Даниил Петрович задумался, склонив голову набок и разглядывая кабинет. Обстановка простая, но приятная, располагающая к отдыху. Спокойные тона стен, мебели, окно, занавешенное светлой шторой.
— В общем, да, — признался он. — Некоторых ребят уже нет в живых. А горы… они как стояли, так и будут стоять в своих вечных снегах…
— Горные снега… — мечтательно произнесла Закревская. — Красота, наверное.
Бывший альпинист нервно дернул подбородком.
— Снег красив в парках и скверах, а в горах… он страшен. Большие массивы скапливаются на крутых склонах, а потом… срываются и несутся вниз. Клубящееся белое облако, словно призрак смерти… Жуткое зрелище! — Он вздрогнул. — Мой друг рассказывал, как при спуске с Эльбруса его снесло лавиной в Терскольское ущелье. Двое альпинистов пытались ему помочь, и были завалены снегом. С переломанными костями их выбросило на скальный островок…
Лицо Даниила Петровича исказилось гримасой боли.
— А вы сами…
— Бог миловал! — поспешно заявил он. — Но тот, кто однажды попал в лавину и выбрался живым из ее ледяных объятий, не забудет этого никогда…

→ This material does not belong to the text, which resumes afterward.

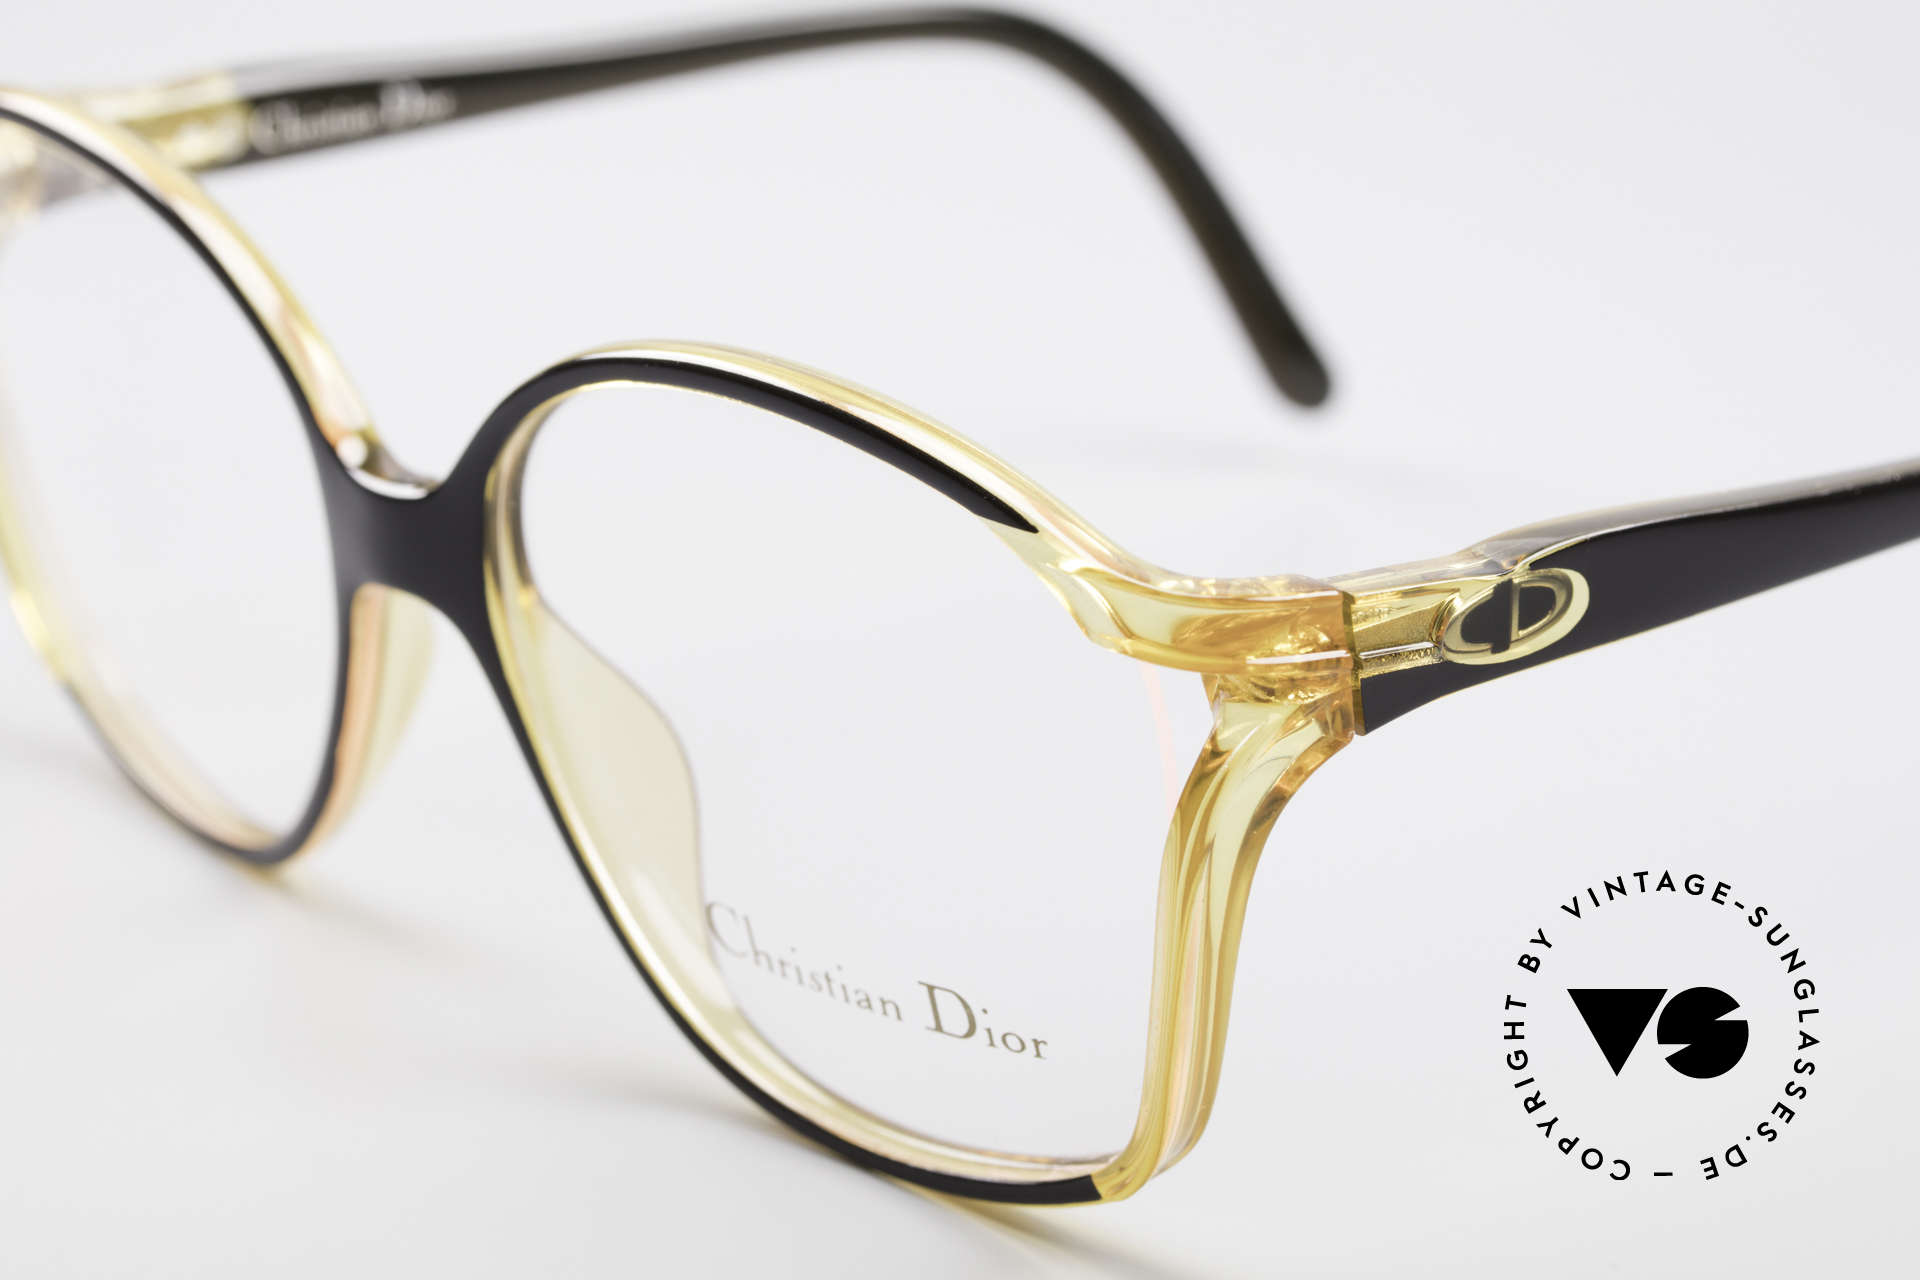 Dior Glasses The Concurrence Of Elegance And Craftsmanship Telegraph

— Вы бы хотели снова подняться на какую-нибудь вершину?
Ревин отшатнулся, как будто его ударили.
— Нет, ни за что. С этим покончено, раз и навсегда! Покончено…

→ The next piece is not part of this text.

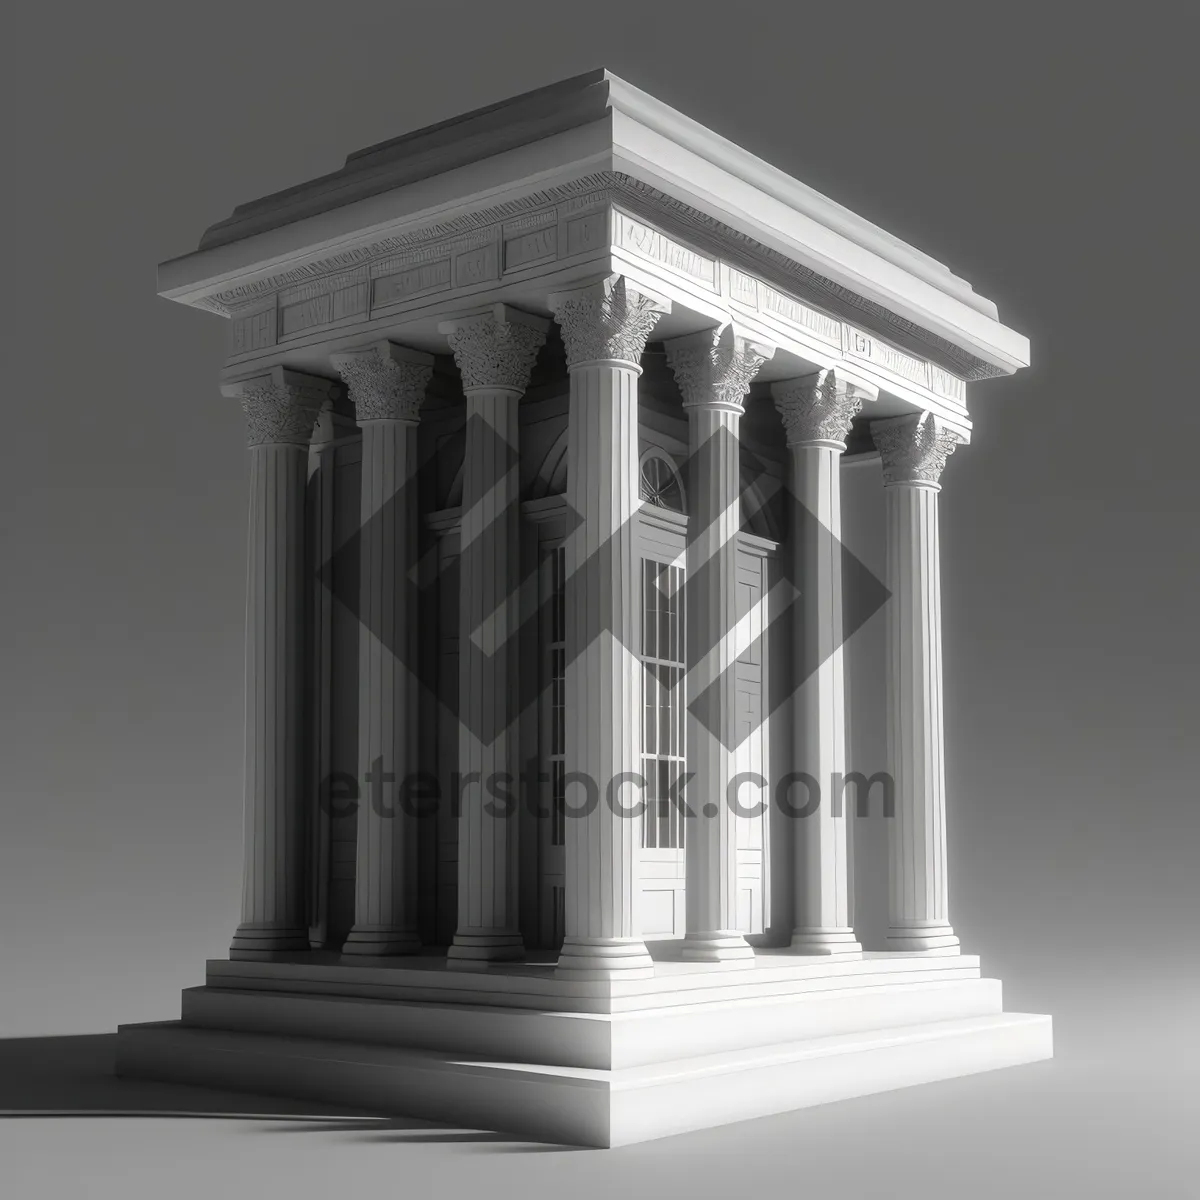 Picture of Classical Marble Columns in Historic City

— Поднимите голову повыше, — попросил фотограф. — Не то у вас получится второй подбородок.
Женщина чуть подняла голову, напряженно глядя в объектив.
— Улыбнитесь… Все. Следующий.
В дверь заглянул хозяин фотостудии «Профиль» Марат Калитин.
— Саня, у тебя очередь, — недовольно сказал он.
Фотограф раздраженно обернулся.
— Это же хорошо.
— Постарайся обслуживать клиентов побыстрее. Мне не нравится, что людям приходится ждать.
Фотограф пожал плечами.
— Как могу, так и обслуживаю…
— Неправильно рассуждаешь, — возразил хозяин. — Не «как могу», а «как можно лучше».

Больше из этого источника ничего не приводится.